Process ultrasonic spectroscopy
The chemical industry plays a crucial role in the European economy. Although specialty chemicals account for only 26 % of production, they are indispensable in numerous sectors, including the construction, cosmetics, automotive and food industries. Titanium dioxide (TiO2) in particular is an essential material whose properties are highly dependent on particle size. This is where the Ultrasound spectroscopy as an innovative method for process monitoring.
Titanium Dioxide and its Applications
Titanium dioxide is a widely used material, both as a main ingredient and as an additive in products such as paints, sun creams, toothpastes and food. In addition, around 1.5 million tons are produced worldwide every year, of which around 60 % are used in paints and coatings. This is precisely where ultrasound spectroscopy can come in.

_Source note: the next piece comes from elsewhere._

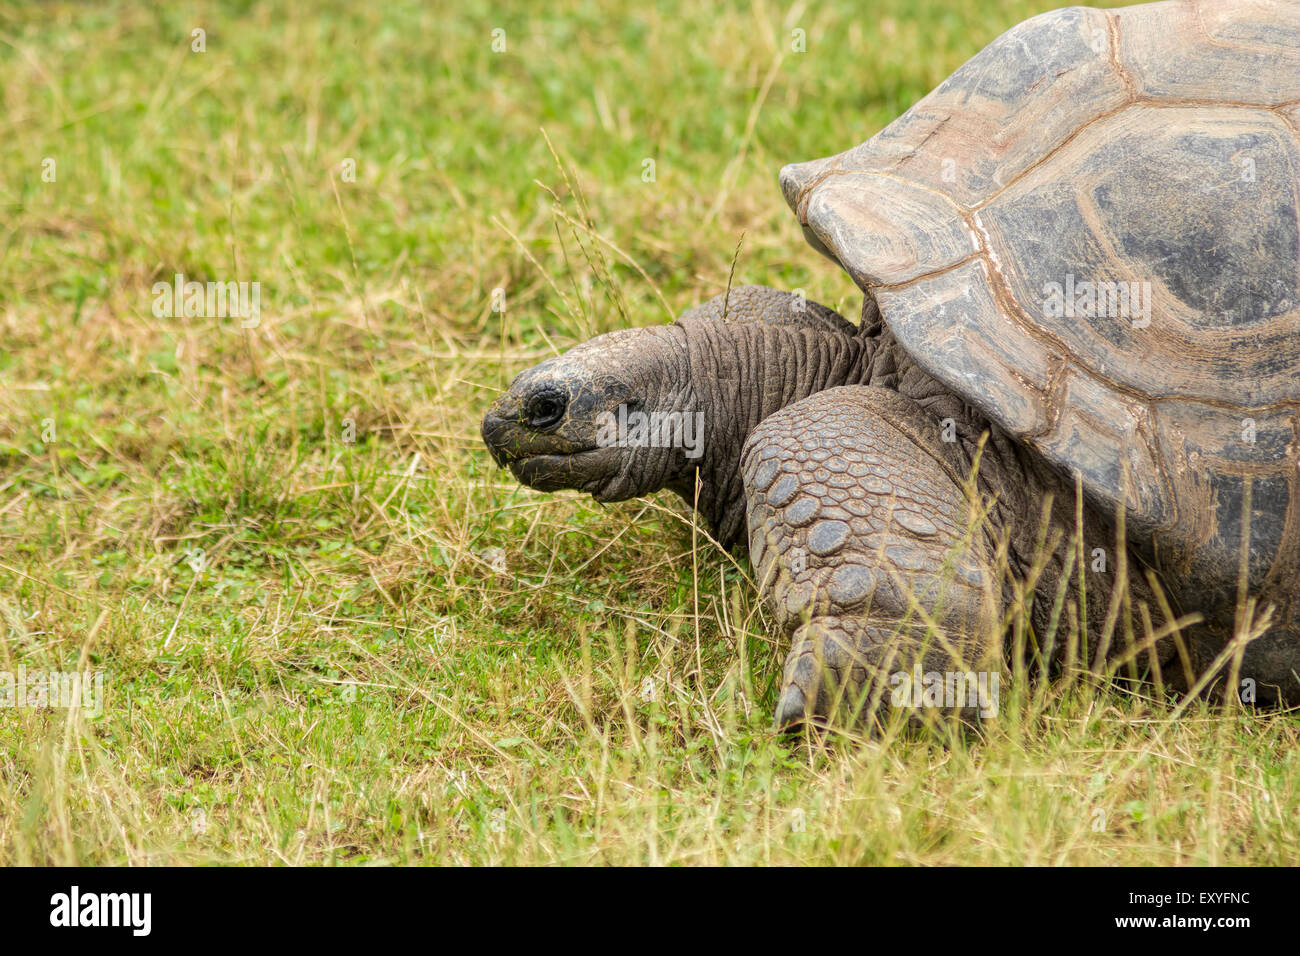 Turtoise, Dipsochelys Gigantean, bella lunga durata degli animali in pericolo di estinzione. Foto Stock

The Particle size of TiO2 is a decisive factor for the properties of the end product. While sun creams require particle sizes of around 300 nm, transparent UV blockers require significantly smaller particles. The smaller the particles, the higher the production costs - these can be up to ten times higher.
TiO2 as a white pigment:
In order for TiO2 to be used as a white pigment, the particles must reflect visible light in the range from 440 nm to 700 nm. The optimum particle size for this reflection is around 300 nm. However, differences in particle size influence the color quality. If the majority of the particles are smaller than 300 nm, a blue tint is produced, which is desirable for detergents but reduces the opacity of wall paints. Larger particles, on the other hand, lead to a brown hue and a loss of gloss.

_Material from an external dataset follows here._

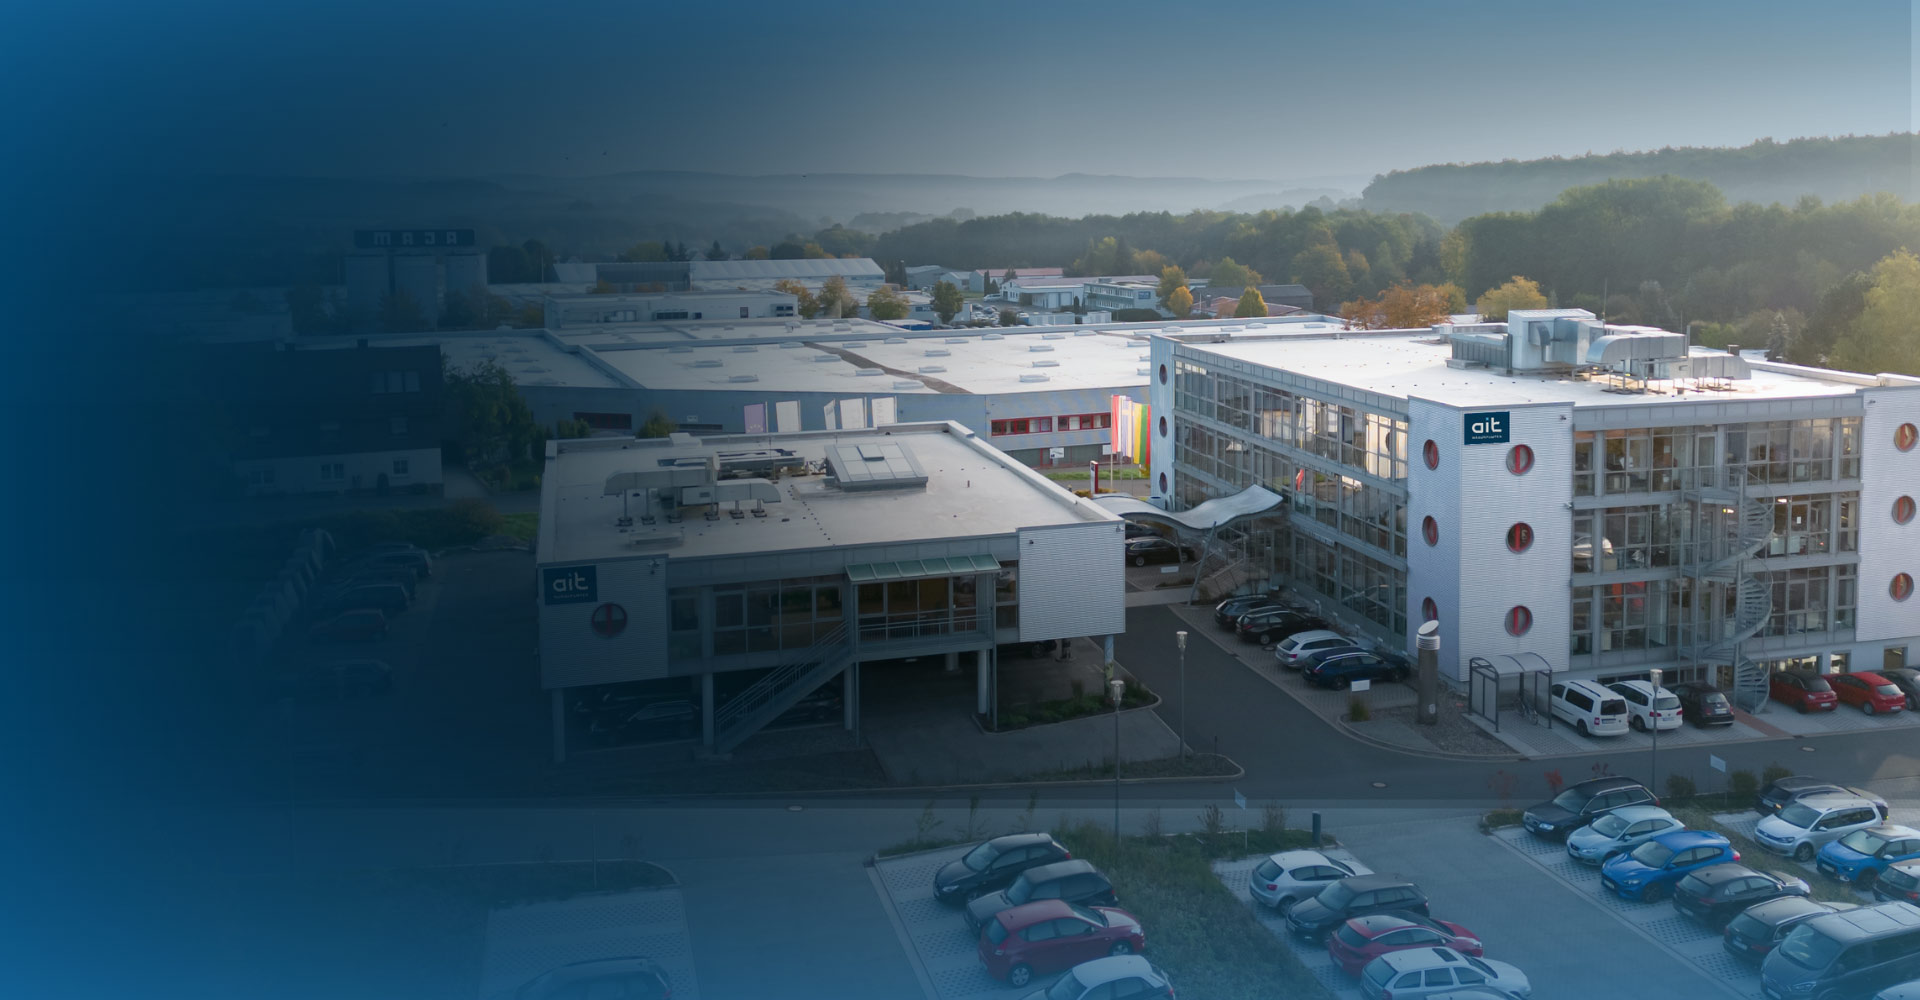 Luftaufnahme der ait Firmenzentrale in Kasendorf

Challenges in process monitoring
The production of TiO2 requires precise process monitoring in order to achieve the optimum particle size of 300 nm. Since optical measurement techniques are unusable due to the low light transmission of TiO2 samples, samples have so far been taken, diluted and analyzed with UV spectrometers. However, this method is time-consuming, error-prone and highly dependent on the pH value of the samples, which means that ultrasound spectroscopy has to be used.
Ultrasound spectroscopy: an efficient solution
Ultrasonic spectroscopy therefore offers an innovative alternative for determining particle size in real time. In this method, a material is excited by high-frequency mechanical waves, the reaction of which in turn depends on the thermo-physical properties of the medium. Furthermore, this method is:
- Non-destructive and non-intrusive
- Suitable for solid, liquid and opaque substances
- Easy to handle without manual intervention
- Applicable over a wide frequency range
The ITS The U2S technology developed by the company records the particle size, distribution and concentration in highly concentrated suspensions by means of ultrasonic measurements and is an example of a sophisticated application of ultrasonic spectroscopy.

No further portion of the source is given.